President Barack Obama does not endorse such a linkage in his own immigration proposal. But Republicans in the Senate group, including John McCain of Arizona and Marco Rubio of Florida, say they cannot support an immigration bill that doesn’t make a pathway to citizenship conditional on a secure border.
“I believe the border is secure. I believe the border’s a safe border. That’s not to say everything is 100 percent,” Napolitano said Monday in San Diego during the first leg of her trip to the Southwest border.
The current administration has “deployed historic levels of personnel, technology and infrastructure to help secure the Southwest border,” she said Tuesday.

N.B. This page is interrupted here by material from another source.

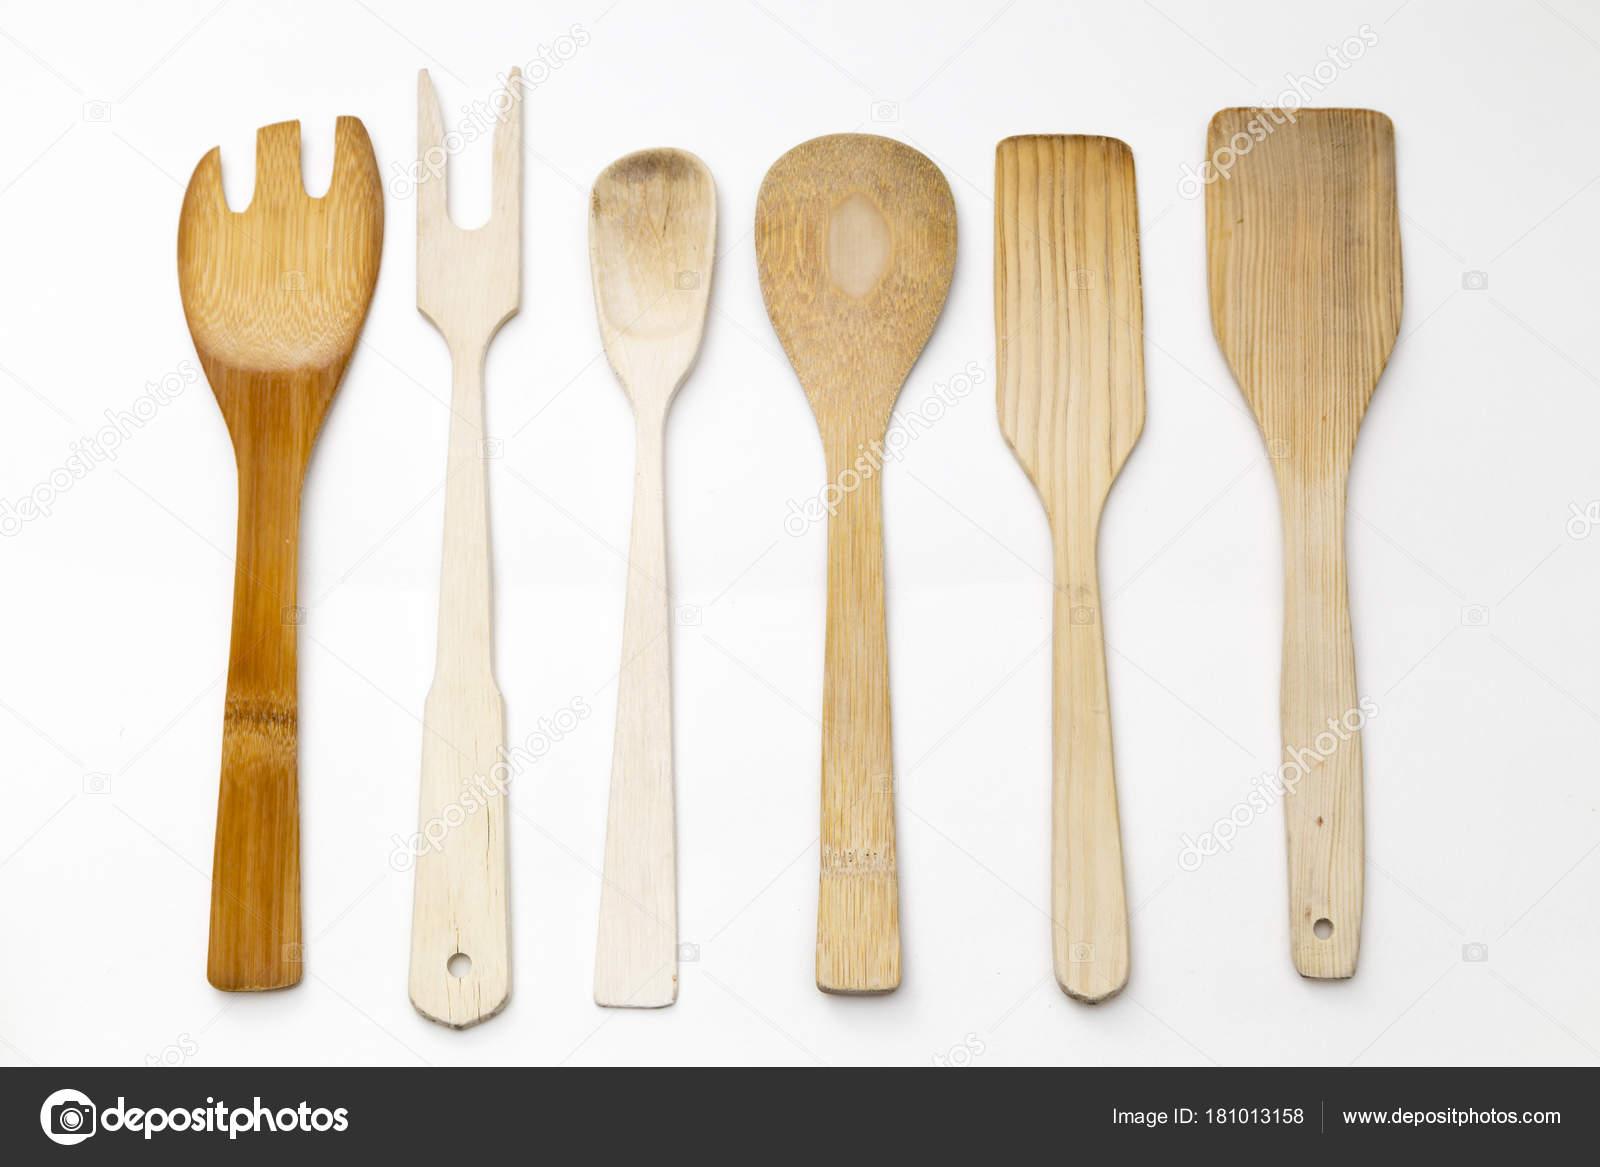 wood kitchen utensils — Stock Photo © benjasanz #181013158
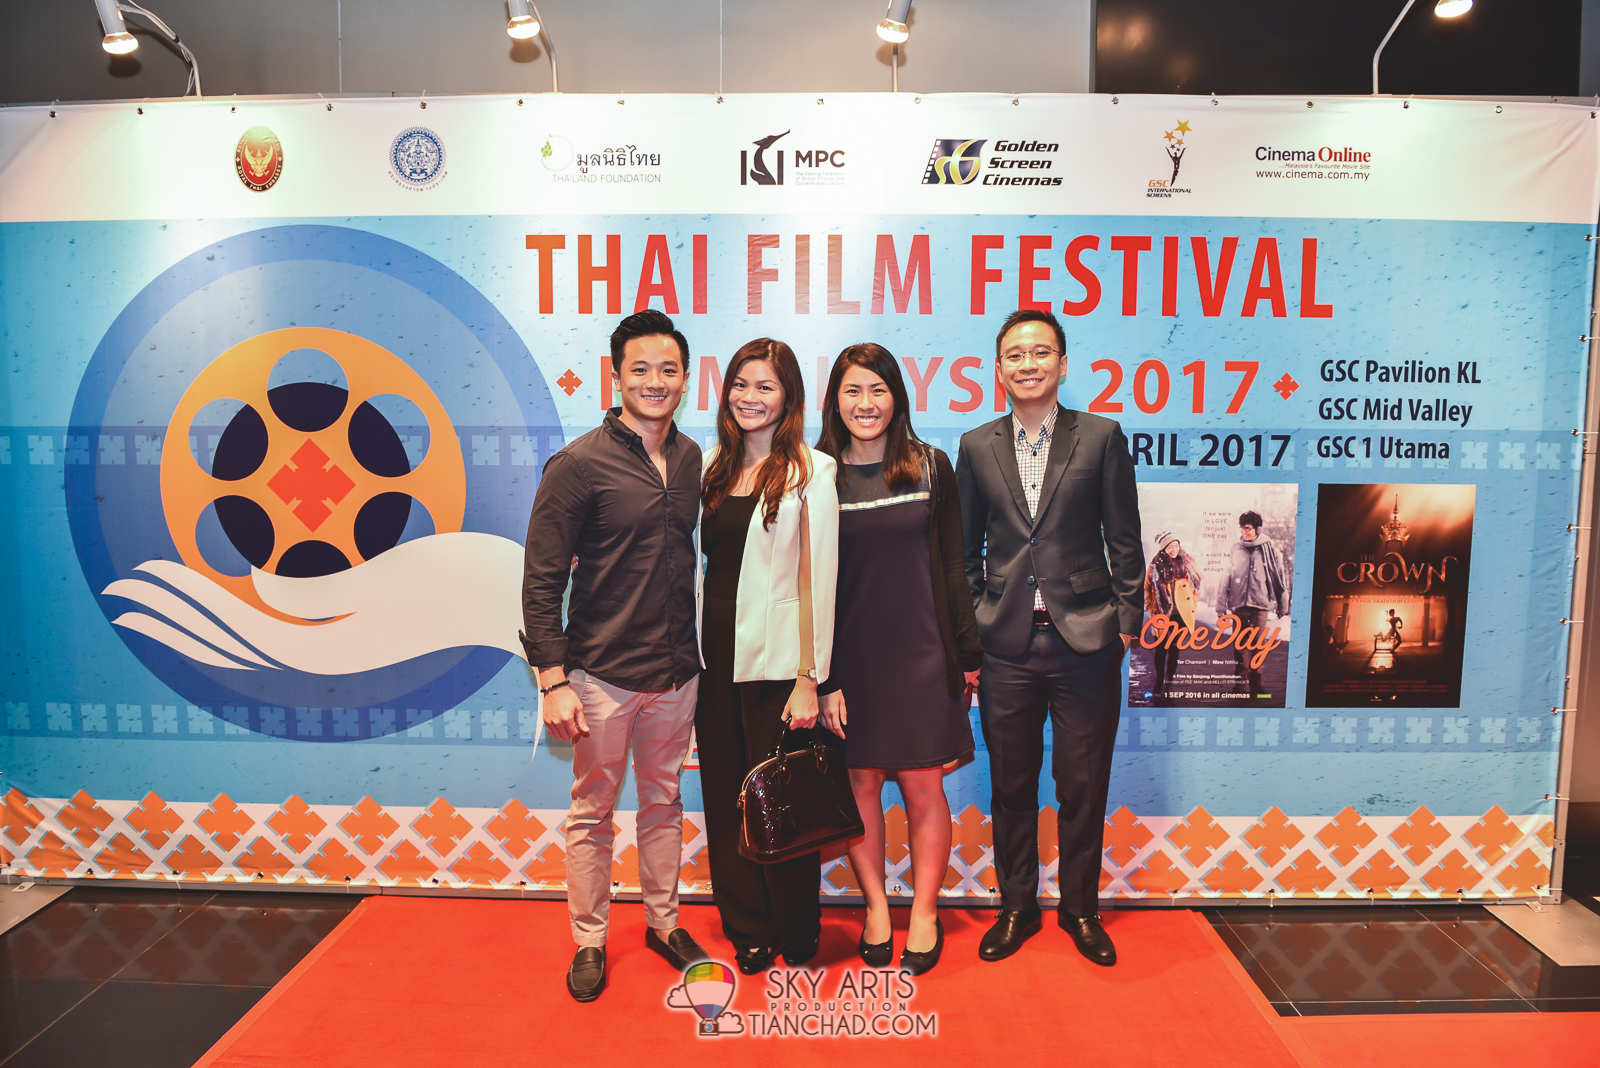 Thai Film Festival in Malaysia 2017 GSC Pavilion KL - Note Panayanggool,  Ittisak Eusunthornwattana,

It has meant that attempts to illegally cross from Mexico are half of what they were in 2008 and a 78 percent down from their peak in 2000. “The numbers are the numbers,” she said.
Last year only, the El Paso sector saw an increase of 71 percent in seizures of currency, 39 percent more drugs interdicted and a 139 percent of illegal weapons seized, the secretary said. The sector includes far West Texas and all of New Mexico.
And while the perception of security along the border has improved with increased Border Patrol presence, there are still some rural stretches where officials still complain of illegal crossings by drug smugglers and traffickers of illegal immigrants. “I would agree that it’s better now than five years ago, but it still is a huge cat and mouse game with these guys,” said Patrick Green, a sheriff’s deputy in New Mexico’s Hidalgo County.
Green talked about reports of vehicle and firearms thefts and break-ins in ranches along the borderland.
Napolitano said that while the Border Patrol launched large scale operations in sectors like San Diego, Tucson, El Paso and the Rio Grande Valley in south Texas, there are still sparsely populated rural areas where they are increasing the presence of agents, deployed sensors and installed or outposts. “That’s not to say there will never be an illegal crossing on the Southwest border. … People with common sense understand that.”
The Border Patrol made 356,873 apprehensions on the Mexican border during the 2012 fiscal year, up 8.9 percent from the previous year but still hovering near 40-year-lows. U.S. Customs and Border Protection’s budget nearly doubled to $11.7 billion in 2012 from $6.3 billion in 2005, according to figures from the Migration Policy Institute.